1. Payment Flow Design

I’m building a payment gateway for online merchants. Explain a typical card payment flow (auth, capture, settlement) and suggest an API design with key endpoints. Include how to handle retries, idempotency, and webhooks.

2. Fraud & Risk Brainstorm

_I run a marketplace for digital collectibles. List 15 potential fraud patterns and risk signals I should monitor, grouped by:

 * user behavior
 * device/network
 * transaction patterns
 * merchant behavior

For each, suggest how I might measure it._

3. Policy / Process Draft

Draft a “Transaction Review & Manual Approval” runbook for a small risk team. Include: triage steps, what data to check, when to approve/decline, and when to escalate.

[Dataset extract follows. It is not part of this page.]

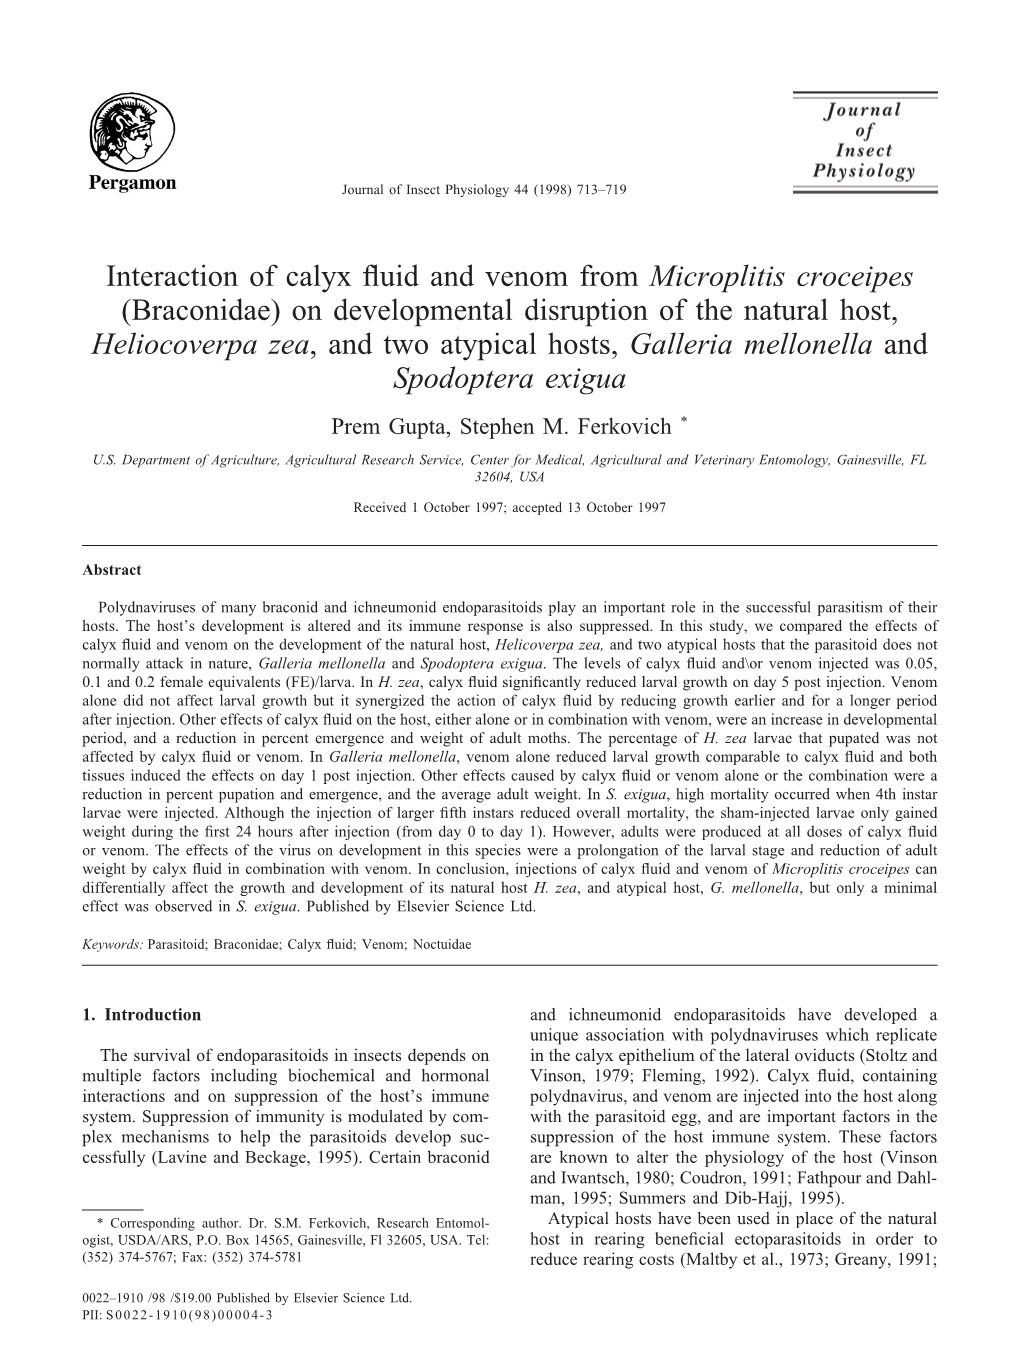 Interaction of Calyx Fluid and Venom from Microplitis

4. Product Metrics & Experiments

We want to increase our checkout conversion rate without blowing up fraud losses. Propose a set of experiments and levers we can pull, and explain the key metrics and trade-offs for each.

Prompting Tips

  • Be specific about context. Mention whether you’re a PSP, marketplace, SaaS platform, or merchant.

  • Describe your constraints. Regions, payment methods, target customers, or compliance boundaries.

  • Ask for formats. For example: “Give me a table of risk signals and business impact” or “Summarize this in bullet points for leadership.”

Limitations

📡 No live data access The model cannot see your production systems, bank accounts, or customer data. It only reasons over text you provide.

💰 Not investment advice It should not be used to pick stocks, crypto, or other investments.

⚖️ Not a substitute for lawyers or regulators Use it to draft and brainstorm, then confirm with legal/compliance professionals.